Il percorso inizia dal sontuoso Portale di Diana, con statue e bassorilievi che si specchiano in un laghetto, ciò che rimane dell’antico approdo dal quale venivano accolti i visitatori che arrivavano in barca da Venezia. Oggi, come allora, stupisce l’imponenza del portale che segna da un lato l’inizio del percorso spirituale verso la salvezza e dall’altro indica la potenza della famiglia Barbarigo, tanto che a controllare l’ingresso c’è la testa di un uomo barbuto, emblema dei proprietari.
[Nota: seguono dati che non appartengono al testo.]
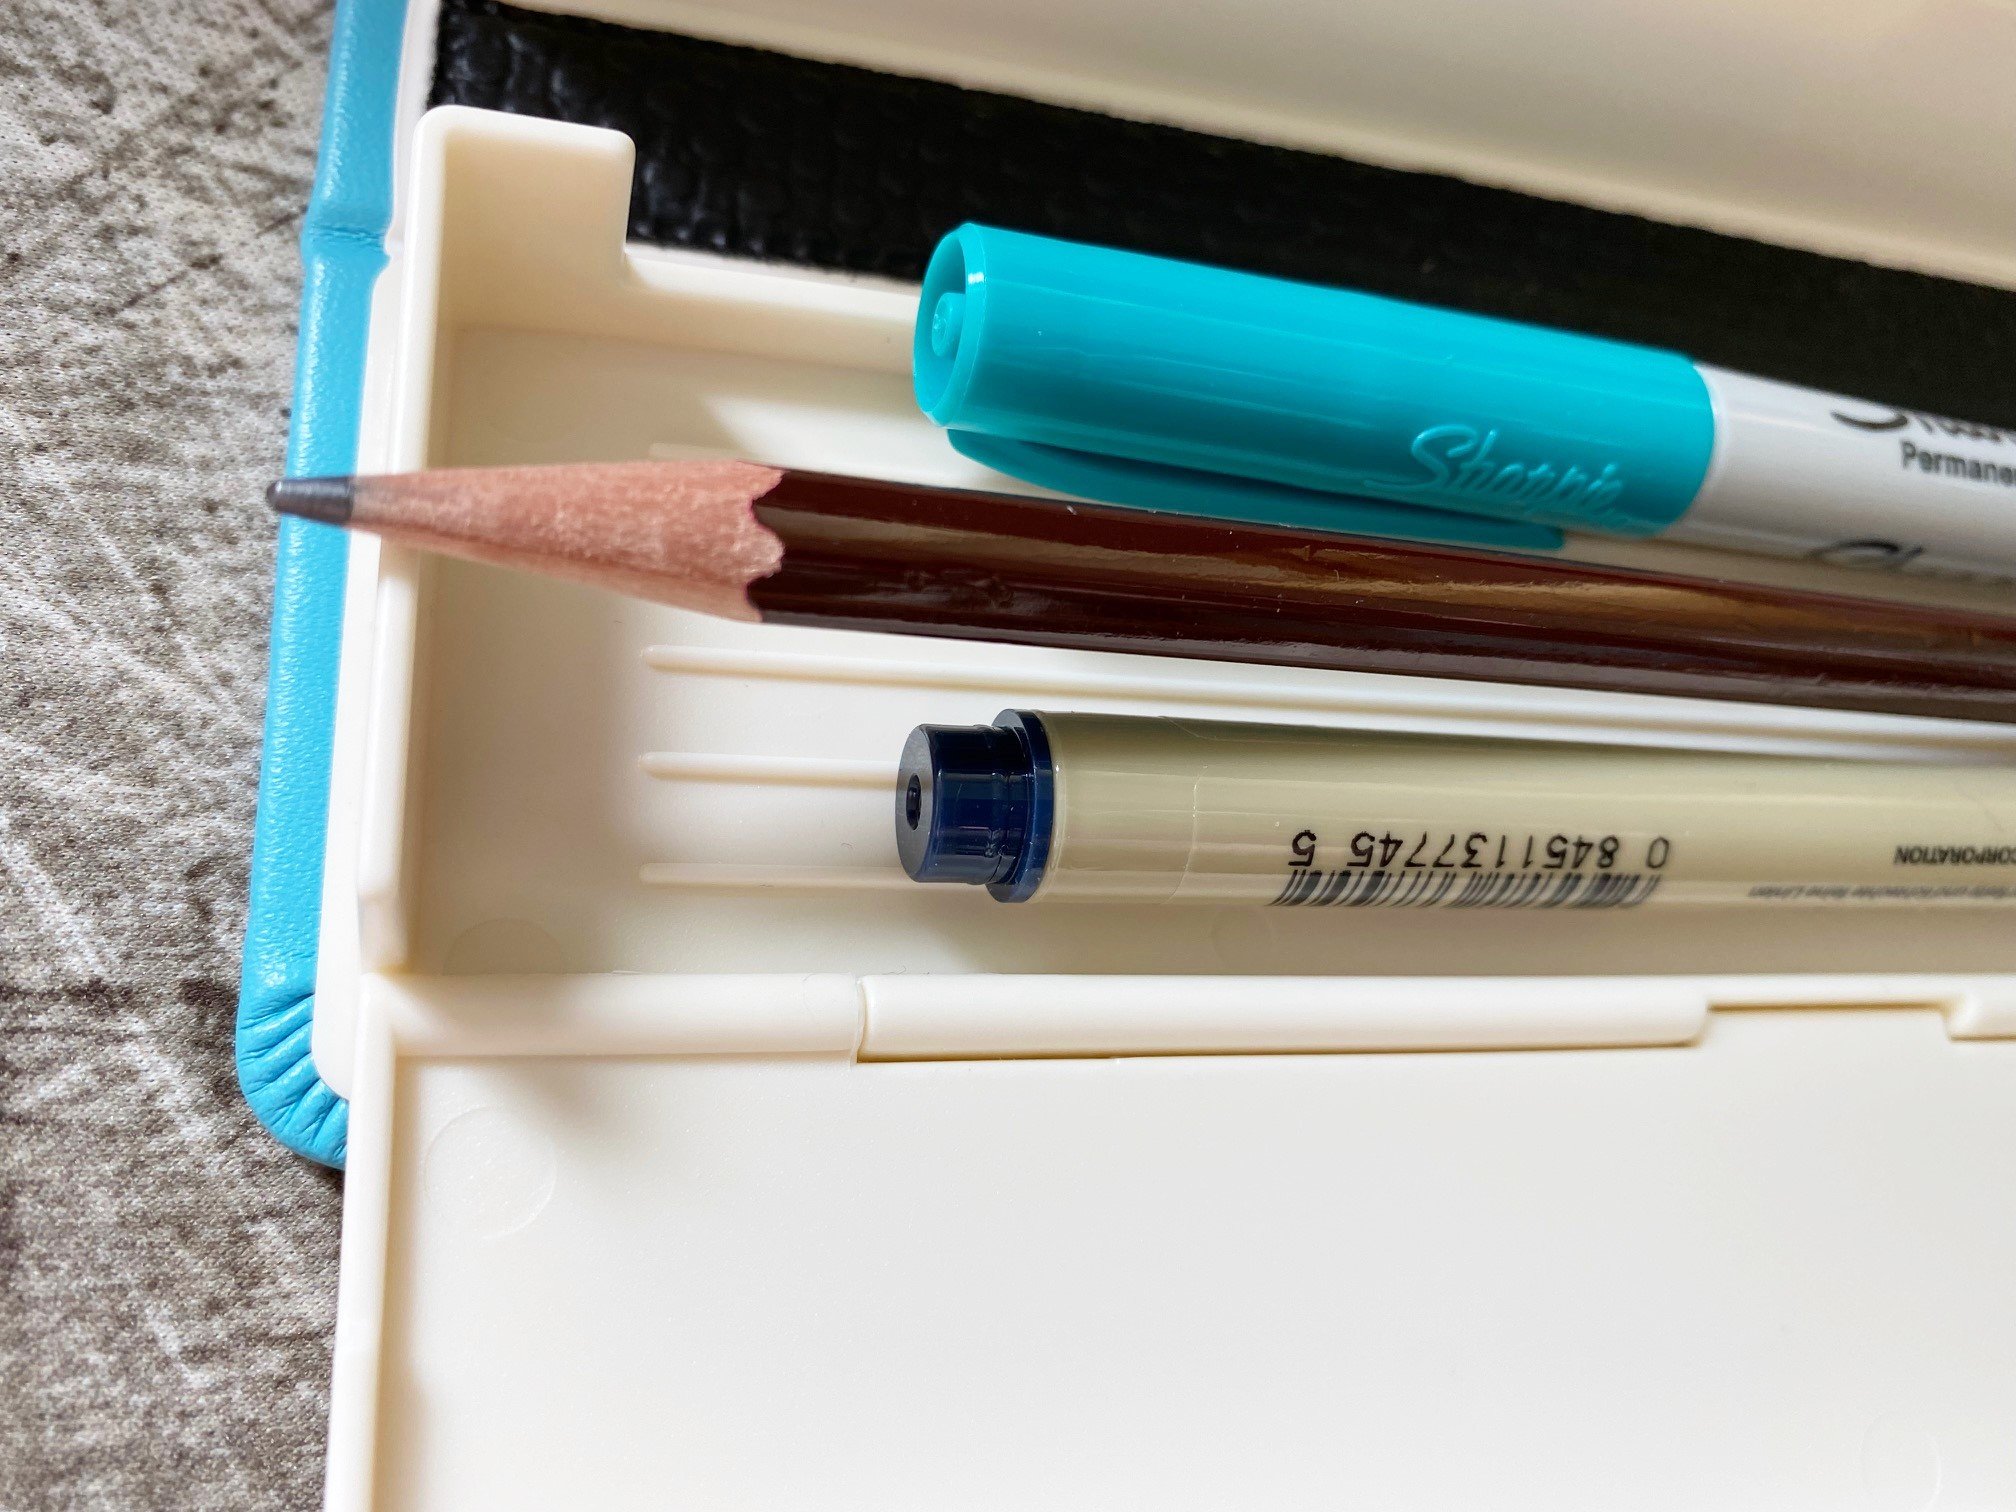 inexPENsive - Pilot Sign pen, The Pencilcase Blog

Da qui parte uno degli assi principali del giardino, ortogonale all’altro che si incontrerà più avanti. Il percorso inizia con la peschiera del Bagno di Diana, la Fontana dell’Iride (con quattro zampilli che ricreano lo spettacolo dell’arcobaleno) e la Peschiera dei Venti.
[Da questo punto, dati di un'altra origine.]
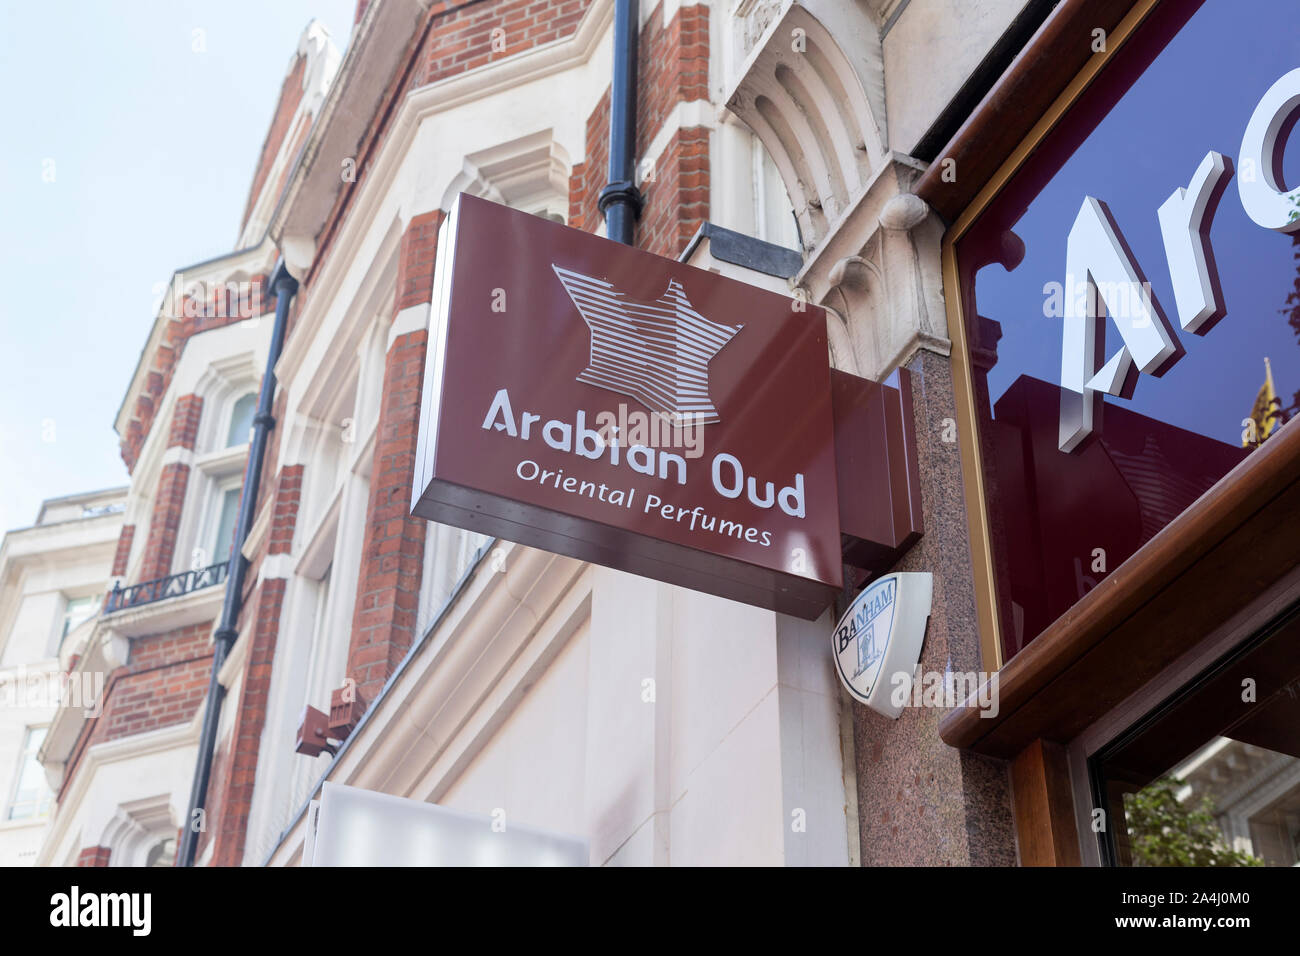 Arabian Oud sign logo, London, England Stock Photo

Si raggiunge quindi l’ottagonale Fontana della Pila, collocata esattamente al centro del giardino di Valsanzibio, equidistante dai quattro quadranti principali del percorso contraddistinti ognuno da un particolare: la Grotta dell’Eremita, il Labirinto, l’Isola dei Conigli, la Statua del Tempo.

Da qui si vede per la prima volta la villa e l’istinto del visitatore sarebbe quello di raggiungerla subito. Ma la giusta via, pensata dall’ideatore, è dalla parte opposta: Mercurio che suona il flauto indica la strada verso il Labirinto, invita ad evitare facili scorciatoie e a proseguire nella ricerca spirituale.
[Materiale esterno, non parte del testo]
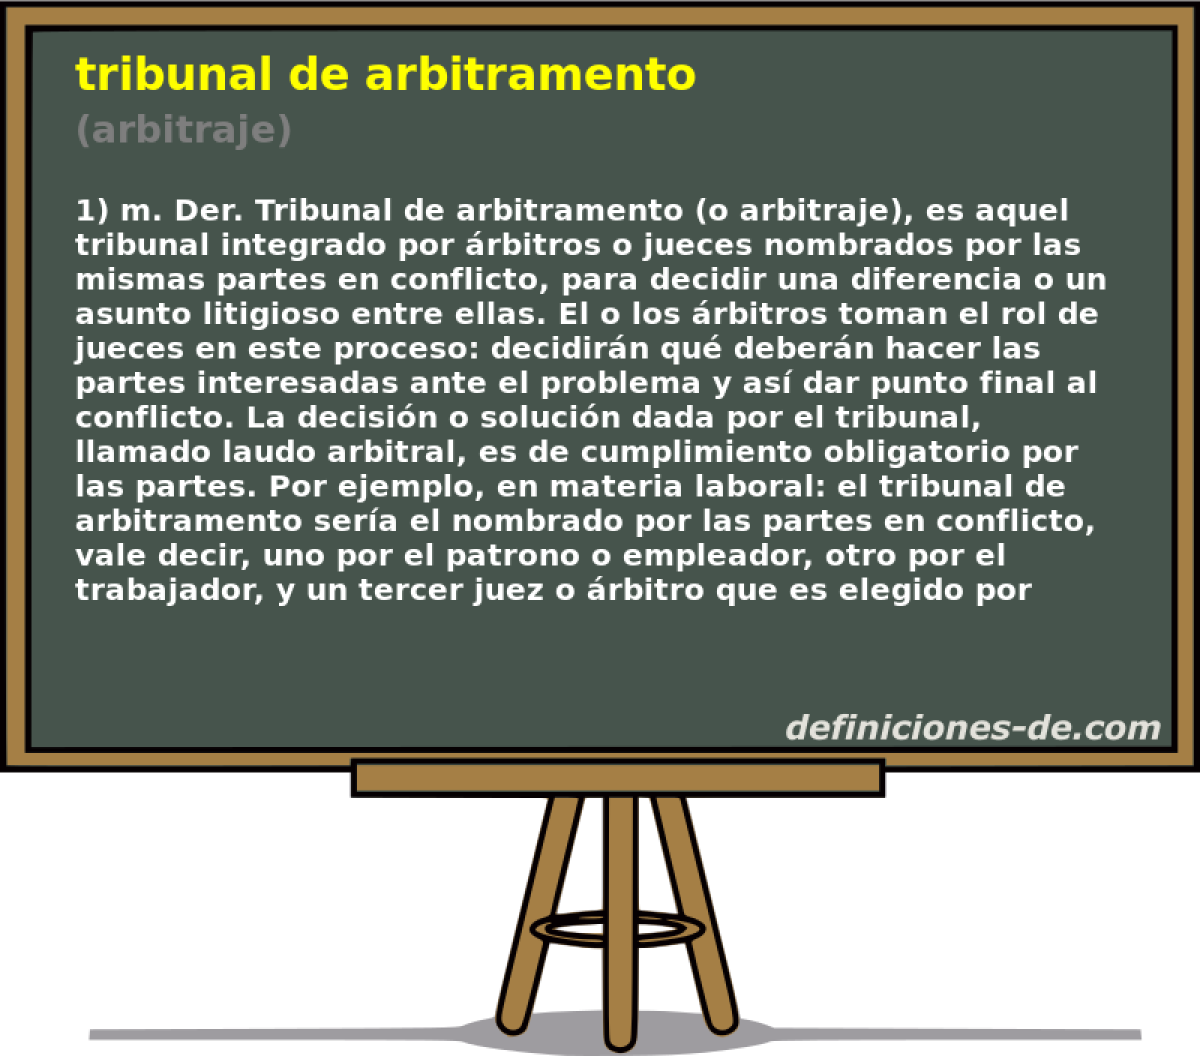 tribunal de arbitramento (arbitraje)

Con un percorso di circa un chilometro e mezzo, il Labirinto simboleggia l’allegoria della vita con sette vie trabocchetto a rappresentare i sette vizi capitali. Se la confusione, tra le alte siepi realizzate con seimila arbusti di bosso, può assalire il visitatore, il consiglio è quello di lasciarsi alle spalle i vizi e pensare, in maniera positiva, che c’è sempre una via d’uscita. E per chi è in grande difficoltà, c’è sempre la possibilità di chiedere – e ottenere – aiuto dall’alto: aiuto che può essere visto in chiave spirituale ma anche in chiave materiale visto che nella torretta centrale c’è sempre un vigilante. La forza e la determinazione saranno comunque utili per raggiungere l’obiettivo finale: la torretta centrale rialzata da dove si potranno avere le idee più chiare sulla propria vita.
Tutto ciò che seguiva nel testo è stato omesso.